Elmar Brok, a senior figure in Merkel's CDU and a member of the European parliament, said the proposal would not see the light of day.

"If this was implemented in Germany, it would be seen abroad as putting an end to further development of the EU, the EU would become ineffective," he said. "We would be reducing ourselves to the level of British policymakers."

Still, the document underscored the unease among German parties, particularly in the Bavarian Christian Social Union (CSU), with the democratic legitimacy of decisions to transfer competencies to the European Union and use German money to support struggling partners during the euro crisis.

"The population should be asked directly on European policy decisions of special importance," reads the document, produced by a domestic policy working group led by CSU Interior Minister Hans-Peter Friedrich and Thomas Oppermann of the SPD.

"This would apply in particular when new member states are added, when important powers are to be transferred to Brussels, or when German finances are committed at EU level. For such decisions we want to pave the way for nationwide referendums."

Greek bond yields rose on the news amid concerns it could slow or impede the flow of aid to Athens.

Post-war taboo

While referendums are common in Ireland, Switzerland and some Scandinavian countries, Germany's post-war constitution sets high hurdles for them, in part because plebiscites are blamed for helping Adolf Hitler's rise to power.

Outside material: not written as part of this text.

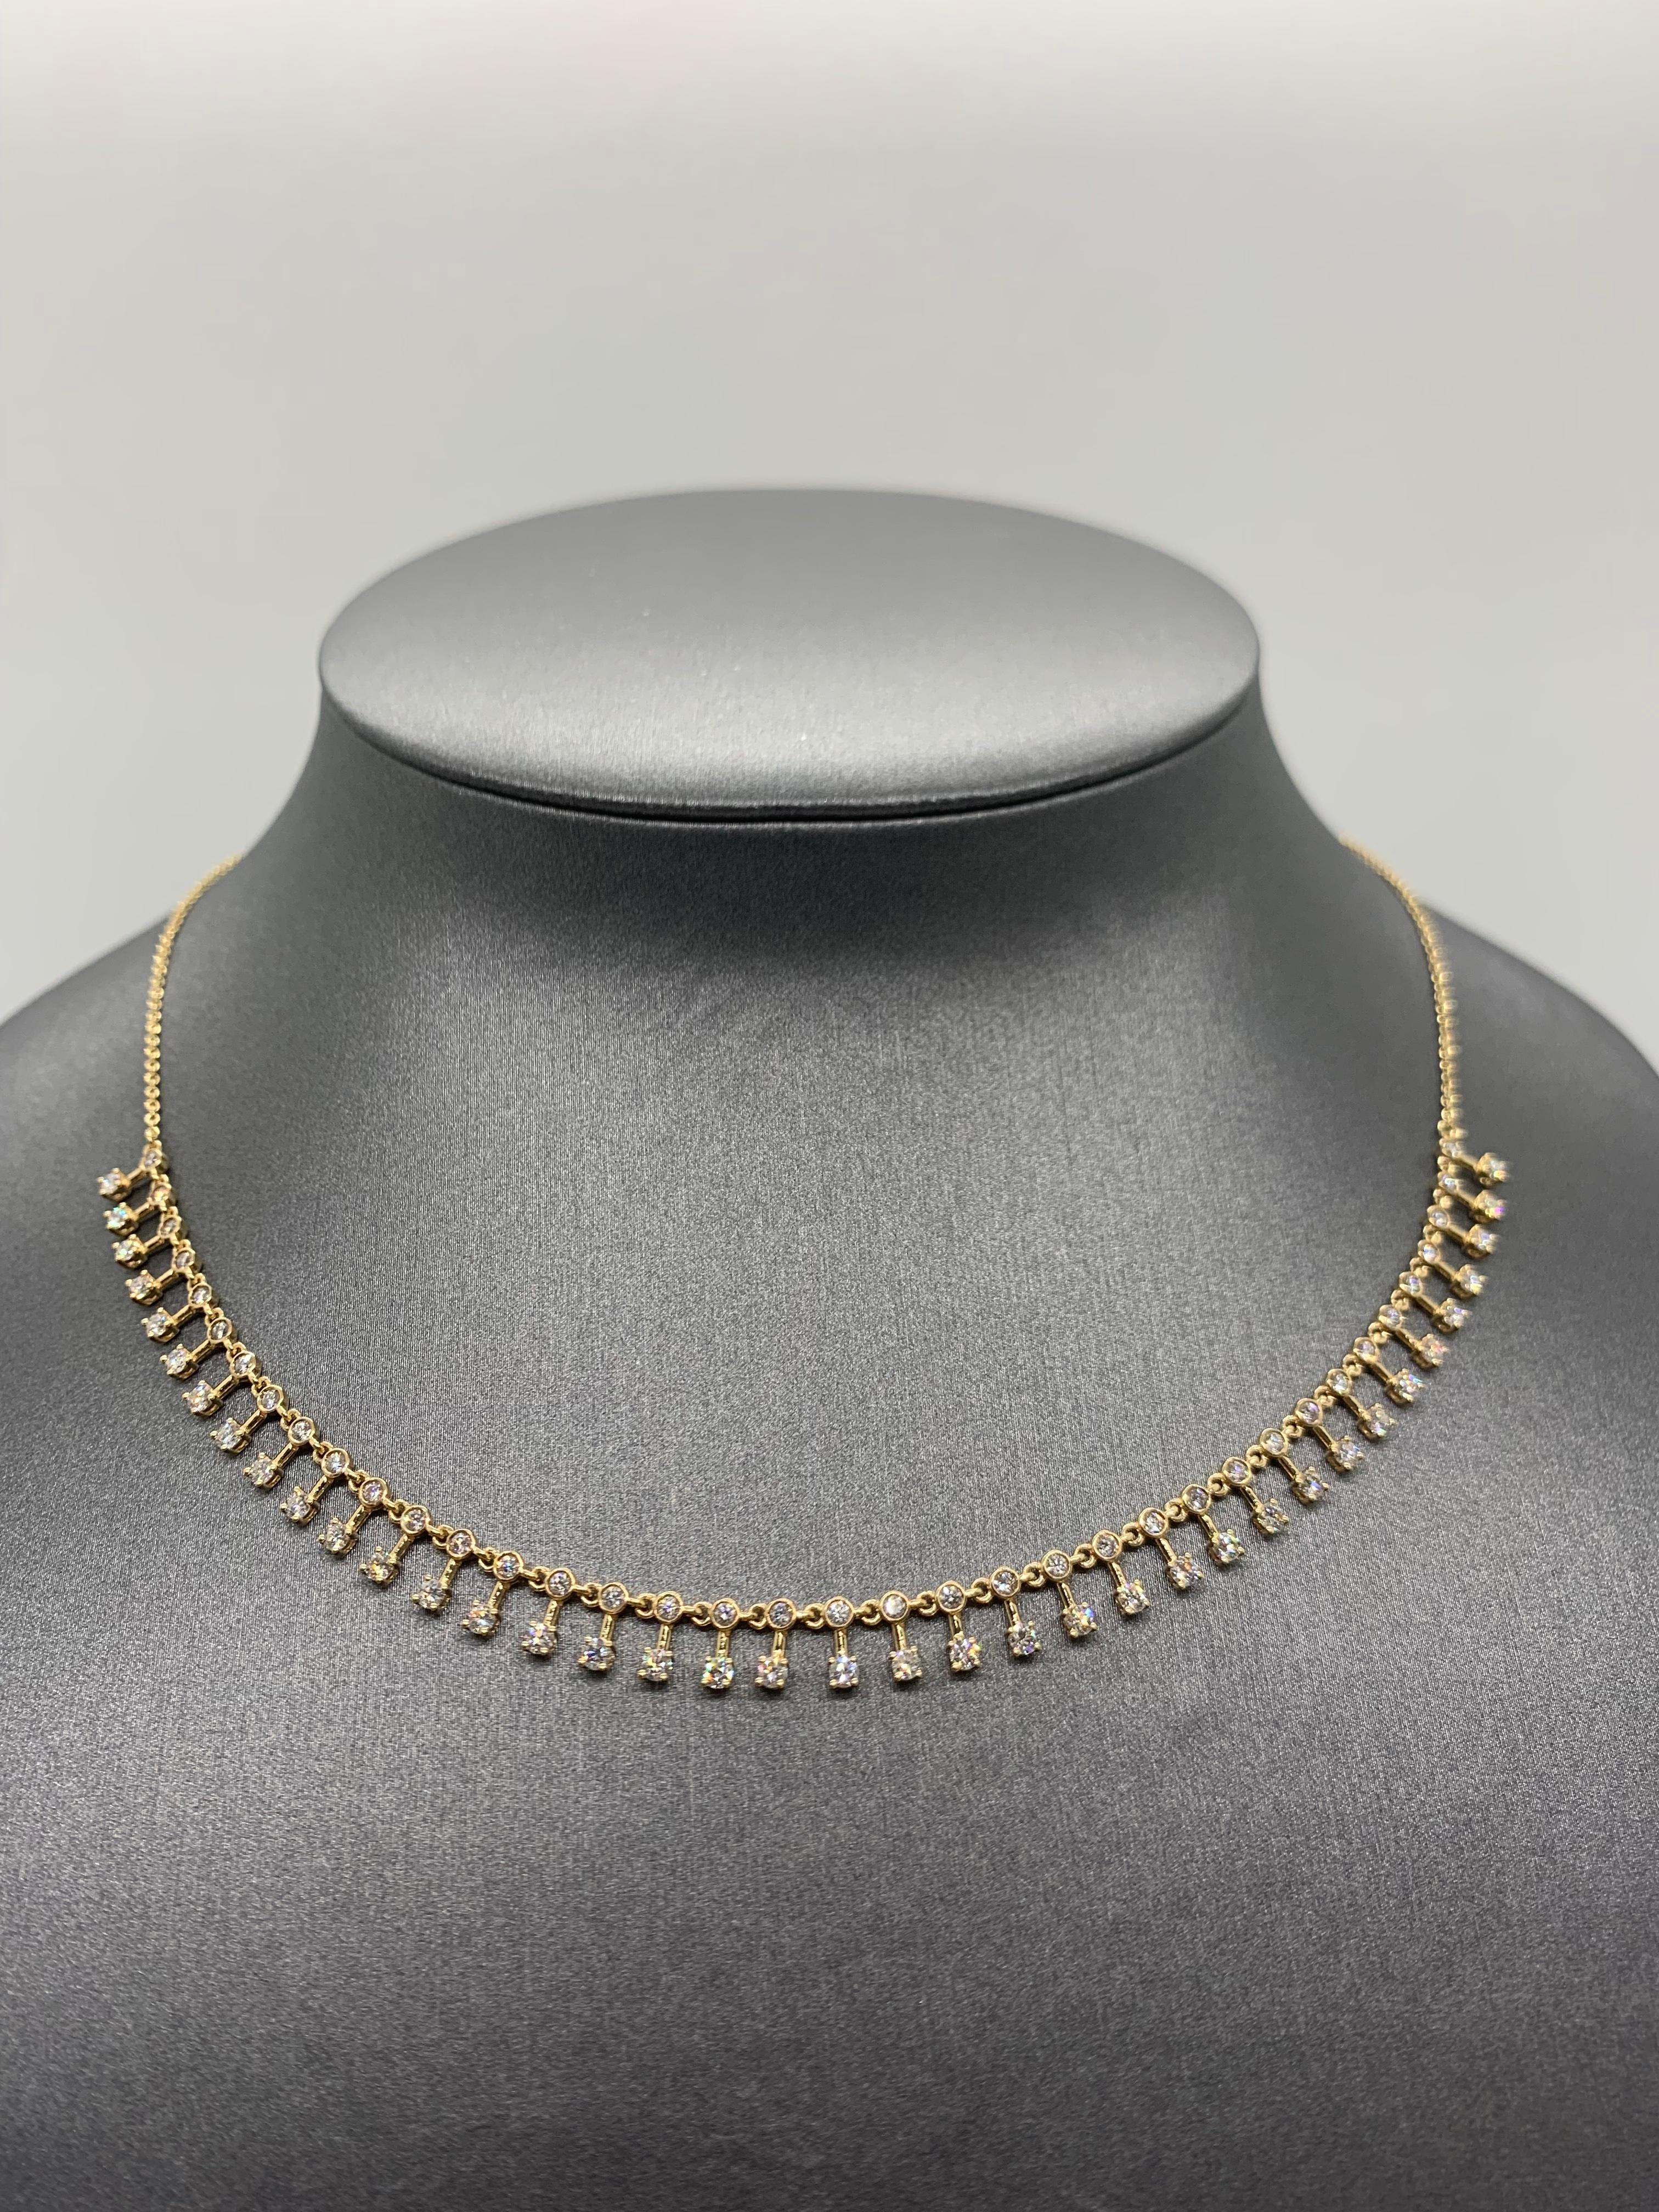 Round Cut Patterned Diamond Necklace in 18K Yellow Gold For Sale

Germany's "Basic Law" only permits national referendums in the extreme circumstances of changing the constitution itself or reshaping borders.

Even with these exceptions, German citizens had no vote on reunification in 1990. Nor were they given a direct say in the decision, nearly a decade later, to replace the deutsche Mark with the euro.

At the height of the euro crisis in early 2012, when Germany's Constitutional Court was voicing concerns about the legality of measures to curb the turmoil, there was a vigorous debate about changing Germany's "Basic Law".

Finance Minister Wolfgang Schäuble said at the time that a referendum on closer European integration may be necessary "more quickly than I would have believed".

A Deutschlandtrend poll published in June of that year showed that 71% of Germans favoured a direct vote on ceding more powers to EU authorities in Brussels.

But Merkel has always been cool on the idea, in part because of concern that referendums could fuel populist parties, like the formed Alternative for Germany (AfD), a new anti-euro movement that nearly won seats in the German parliament in a September election.

The debate over referendums has faded since mid-2012 as the crisis has eased, and it did not play a significant role during the election campaign.

"I cannot believe that this will survive the coalition negotiations," said Tanja Boerzel, a professor at Berlin's Free University.

"The CSU has always pushed for referendums. I am not sure why the SPD agreed to this, maybe this is part of a bargaining strategy, something for the SPD to drop in return for something else. The CDU is certainly ambivalent, and I cannot believe that Merkel will accept the proposal."

The September 2013 German election determined the 630 members of the 18th Bundestag, the main federal legislative house of Germany.

The Christian Democratic Union/Christian Social Union (CDU/CSU) of Chancellor Angela Merkel won their best result since 1990, with nearly 42% of the vote and nearly 311of the seats.

However, their coalition partner the Free Democrats (FDP) failed to get over 5% of the vote thus denying them seats in the Bundestag for the first time in their history.

As a result, Merkel will have to look to the opposition Social Democrats (SPD) for a grand coalition, or to the Greens to form a majority government, though the latter option is seen as less likely by both parties.

SPD have 192 seats, The Left (Die Linke) have 64 and the Greens 63. While a coalition of SPD, Die Linke and the Greens would have enough seats for a majority, both the SPD and Greens have ruled out entering coalition with Die Linke.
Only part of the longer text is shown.